When the lab at Penn State announced it would have to shut down due to lack of funds earlier this spring, there was no plan in place to shift the work and funding to the other labs.

New agreements between the labs now include the details that would be needed to transfer that work and funding.

Discussion also continues on what to do with counties and municipalities rescinding their food safety, and weight and measures designations.

Redding told council members that the number of counties turning back their designation for weights and measure is up to 54, nearly double from when he left the department more than four years ago.

With the state staff remaining relatively unchanged, it’s been placing a significant strain on resources, he said.

Destiny Zeiders, the Democratic executive director of House Agriculture and Rural Affairs Committee, told council members to talk with their legislators about what they would like to see in this year’s budget.

State Rep.
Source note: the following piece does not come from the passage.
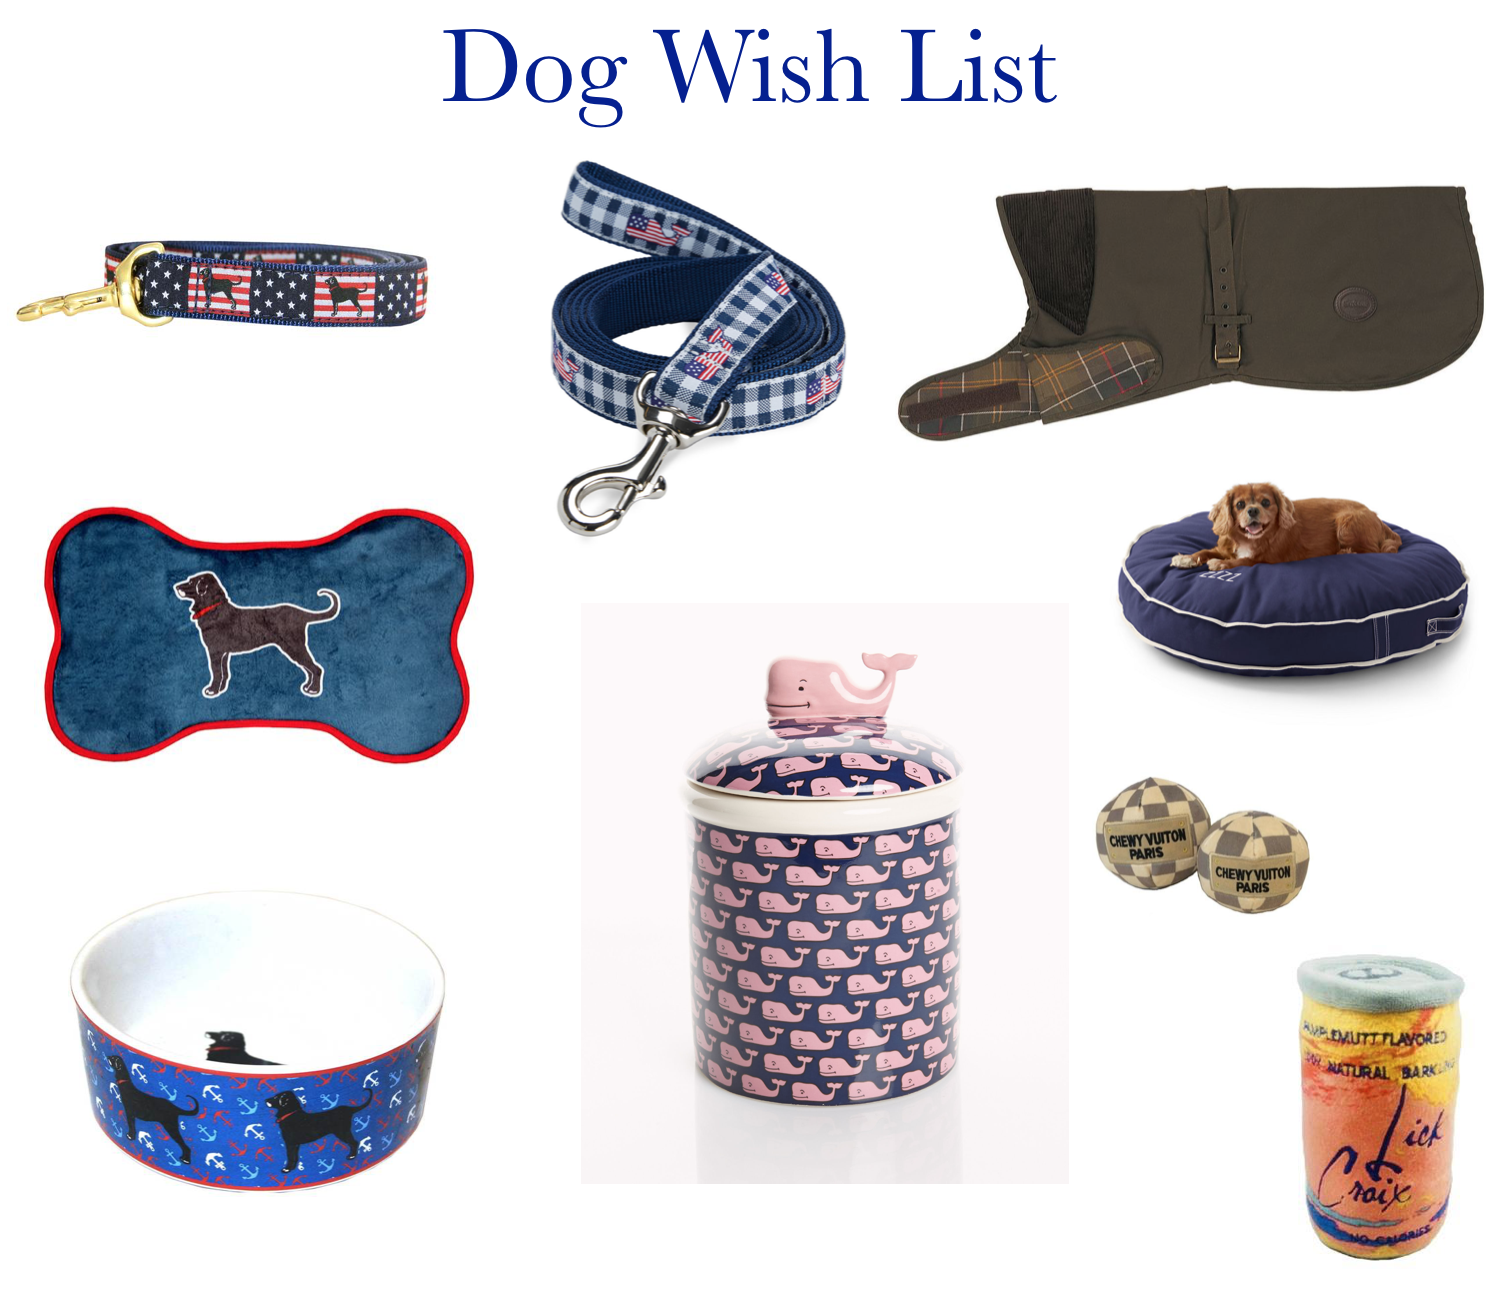 Melanie May: Dog Items Wish List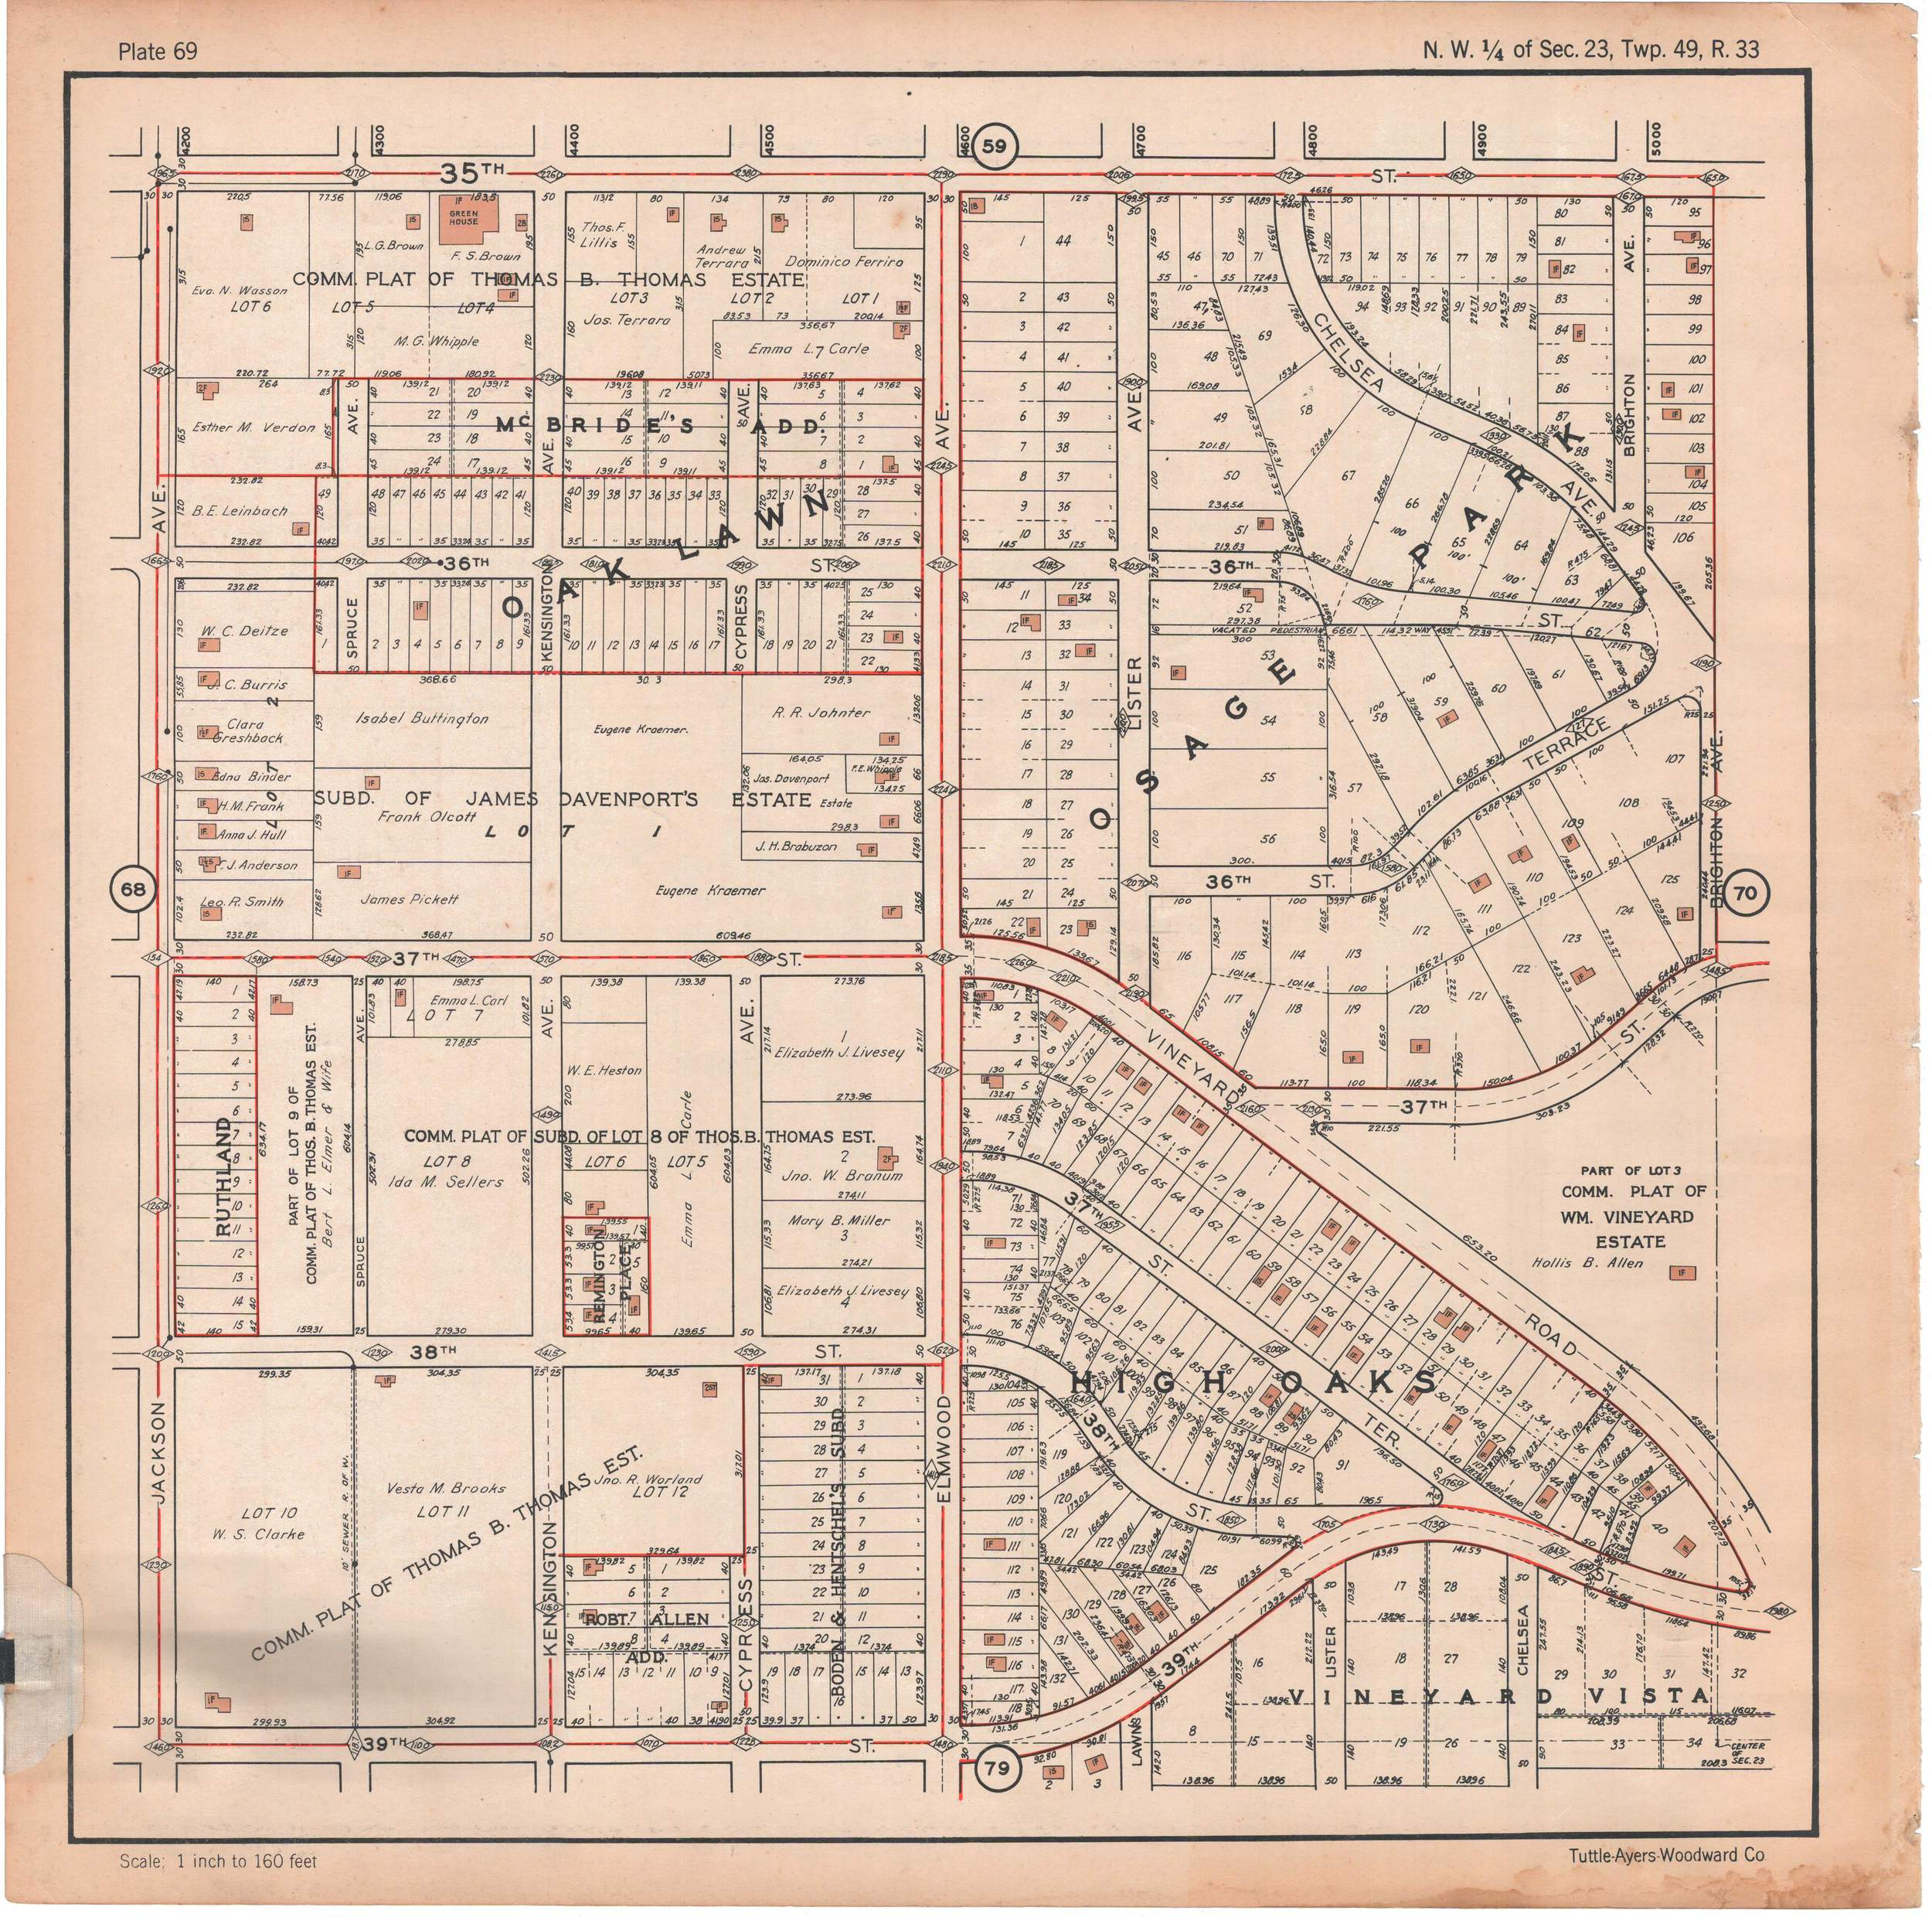 1925 TUTTLE_AYERS_Plate 69.JPG

Sid Michaels Kavulich, D-Taylor, the host for a farmer roundtable last week at Keith Eckel’s farm in Clarks Summit, said work continues on the budget.

“The biggest discussion is where the revenue is going to come from as we head down the stretch,” Kavulich said by phone after the Lackawanna County meeting.

The shortfall from the last budget is going to play a role in the decisions that need to be made this summer about the next budget, which is due July 1.

“There is a willingness to get something done,” Kavulich said. “We don’t want to see a long-extended budget impasse. ...

“There is an urgency to get it passed” because another failure to pass a budget on time could further erode the state’s credit rating, he said.

Redding announced Monday that he had attended a Team Pennsylvania Foundation board meeting after the public/private partnership modified its bylaws to include the state agriculture secretary and representatives from the agriculture industry.

“That is important because Team Pennsylvania is focused on economic development,” Redding said, and this was the first time that agriculture was being included in the discussion.

Redding also announced that an advisory board will be formed to represent the state’s diverse agricultural interests to help guide the state’s agricultural initiatives, such as his department’s strategic plan for the state’s agriculture industry.

Redding said he hopes to get back on track with strategic planning, which he described as a 10-year projection of where state agriculture is headed, and what investments will be needed to support current activities and adapt to emerging opportunities.

Redding spoke at both meetings about the state’s Chesapeake Bay “reboot.”

He said standard operating procedures for conservation districts have been outlined showing how the districts will review farms and protocols for compliance.

Four counties — York, Franklin, Luzerne and Dauphin — have opted out of the program.

“I’m hopeful that we can come back to these counties,” Redding said. “Most made the decision before the standard operating procedures were finalized.”

Redding also said he has had several phone conversations with Patrick McDonnell, acting environmental protection secretary, since the resignation of John Quigley as secretary.

Redding is scheduled to meet with McDonnell this week to discuss the Chesapeake Bay program.

He said farmers have plenty to be proud about with the announcement of a drop in water nutrient level in the Chesapeake Bay watershed by the University of Maryland’s Center for Environmental Science.

“We have work to do, but we have made progress,” Redding said.